Amendment of Workers Dispatch Act Now in Effect

Amendment of Workers Dispatch Act Now in Effect

Impact on Companies

In 2012, the Workers Dispatch Act (“Act”) was amended to impose a new obligation on companies to directly hire dispatched workers under certain conditions when using temporary employment agencies (“Agency”).  The amendment provided a three year period to allow for companies to adjust their HR policies and infrastructure to comply with the future restrictions.

This amendment recently became effective on October 1, 2015.  The Act was also amended on September 11, 2015 (and enforced on September 30, 2015) to implement other new rules for the worker dispatch business, but this newsletter focuses on the issue of “fictitious” labor contracts (i.e., services agreements or gizou ukeoi) and its potential impact on firms which outsource services and the employers which receive them.

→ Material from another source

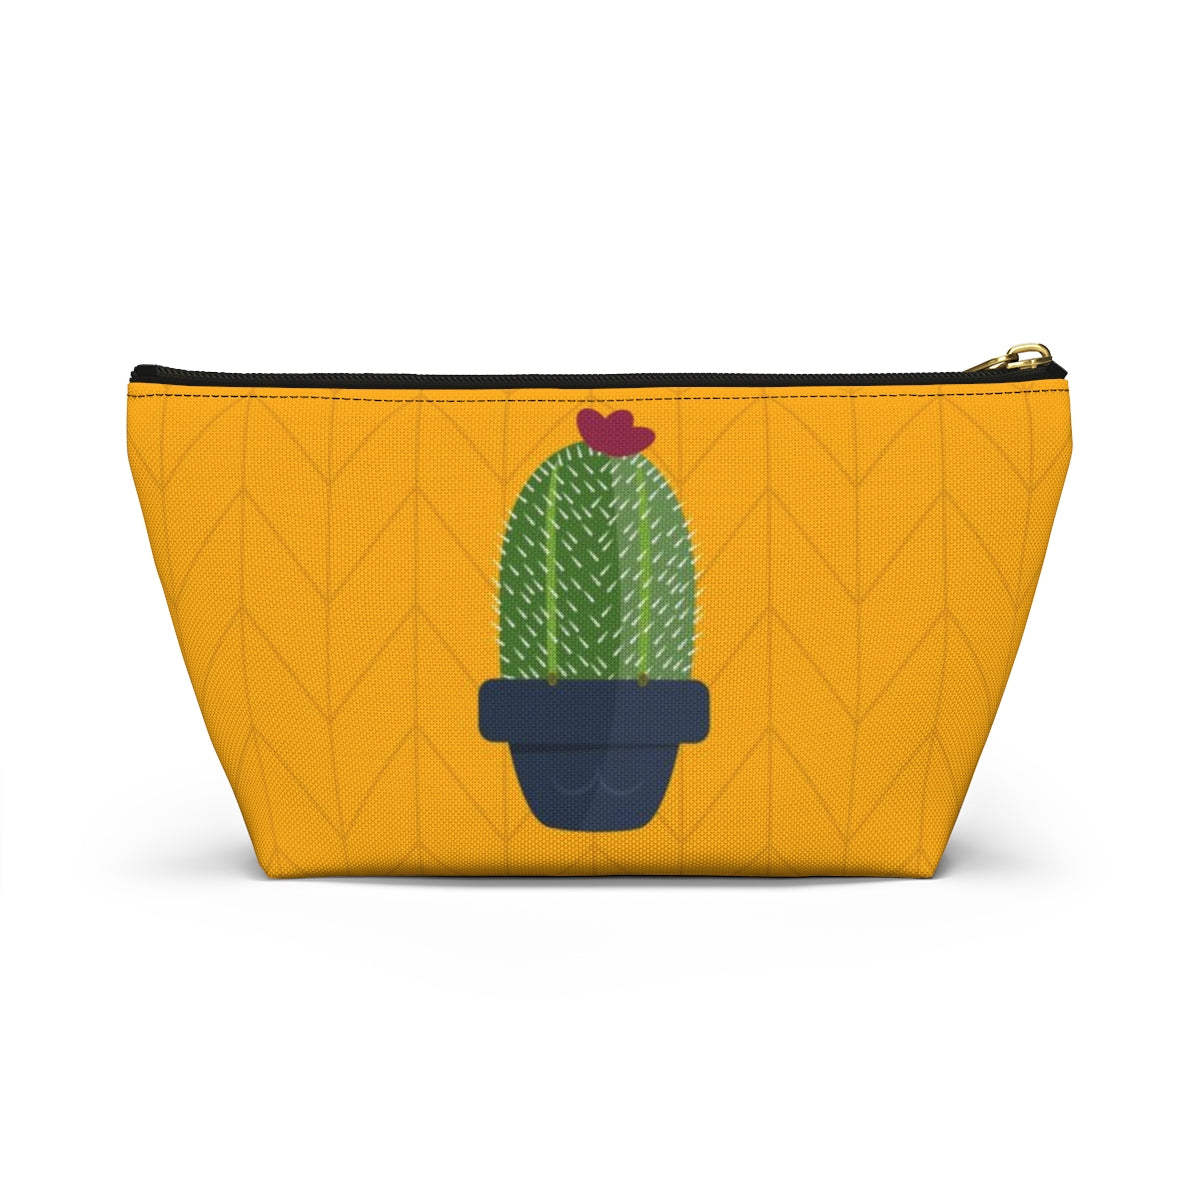 Big Bottom Zipper Pouch - Plant Nerd Cactus

Newly Effective Amendment of the Act

Previous to the amendment of the Act, the Ministry of Health, Labour and Welfare (“MHLW”) had issued guidelines regarding classifications of the worker dispatch business (“Guidelines”) to help companies distinguish between legitimate outsourcing labor contracts and fictitious ones.  If the local labor bureau finds a fictitious labor contract due to non-compliance with the Guidelines (i.e., a company conducted the worker dispatch business without a license), the service provider can be sentenced up to one year in prison or be fined up to JPY1,000,000.  In addition, the client company can also be sentenced up to one year in prison or be fined up to JPY 1,000,000 under the Employment Security Law since it received illegal labor outsourcing services.  However, despite these penalties, there was criticism that the Act still could not ensure a stable working environment for dispatched workers.  Client companies could freely terminate the service provider’s services which would often result in the dispatched workers losing their jobs.  With the newly effective amendment of the Act, the client company could be obligated to hire the dispatched workers under certain circumstances in order to secure their employment.

Risks For Firms Which Outsource Services and For Their Company Clients

The potential risk of violating the newly amended Act arises from the fact that an Agency is required to comply with strict regulations under the Act and obtain a business license from the MHLW to be able to dispatch workers to employers.  As a licensed Agency, the Agency can dispatch its employees to companies and such companies can directly instruct and control the dispatched workers.  However, potential issues arise when a firm (which is not a licensed Agency) dispatches its employees to a client and the client directly instructs the dispatched worker on how to perform his work – e.g., where the dispatched worker cannot act in his discretion in performing the work set forth in the labor contract.

For example, when developing a company’s IT infrastructure, a company will often outsource the development portion of the project to a consulting firm, and the firm will dispatch its consultants to the client’s office to learn its needs and business flow and develop the IT system on site.  A common occurrence in these types of projects is that the company actively instructs and controls these consultants so that the IT system is customized for the company’s operations.  Unfortunately, however, such actions could cause the contract with the consulting firm to be deemed a “fictitious” contract if it is determined that the company is controlling the dispatched worker.  As a result, the consulting firm would have violated the Act as it would not have the required business license to dispatch temporary workers, and the client may be forced to hire the dispatched consultant should the consultant request such action from the client.

As these new regulations were enforced on October 1, 2015, we believe that the MHLW will strengthen their inspection and supervision of companies in relation to fictitious labor contracts, and therefore, firms which outsource services (e.g., consulting, accounting, architect, engineering, and of course, law firms) and their client companies face an increased risk of violating the Act.

What To Do?

While it is unclear how strictly the MHLW will enforce the newly effective amendment, it will be prudent for firms to conduct employee training for employees who work at the client’s site or have close contact with the client’s employees.  The MHLW’s Guidelines provides a few key practical pointers as to how a firm (that is not a licensed Agency) should conduct the provision of its employees to a client which include:

1) instructing the dispatched employee on how to proceed with his work duties;

2) managing the employee’s work hours (including overtime), break time, holidays, and days of leave;

3) providing evaluation of the employee’s performance; and

4) assuming responsibility to discipline the employee for any improper behavior.

The Guidelines also note that the services provided by a non-licensed firm should involve specialized skill and experience and suggest that dispatching workers who perform physical labor type work may run afoul of the Act.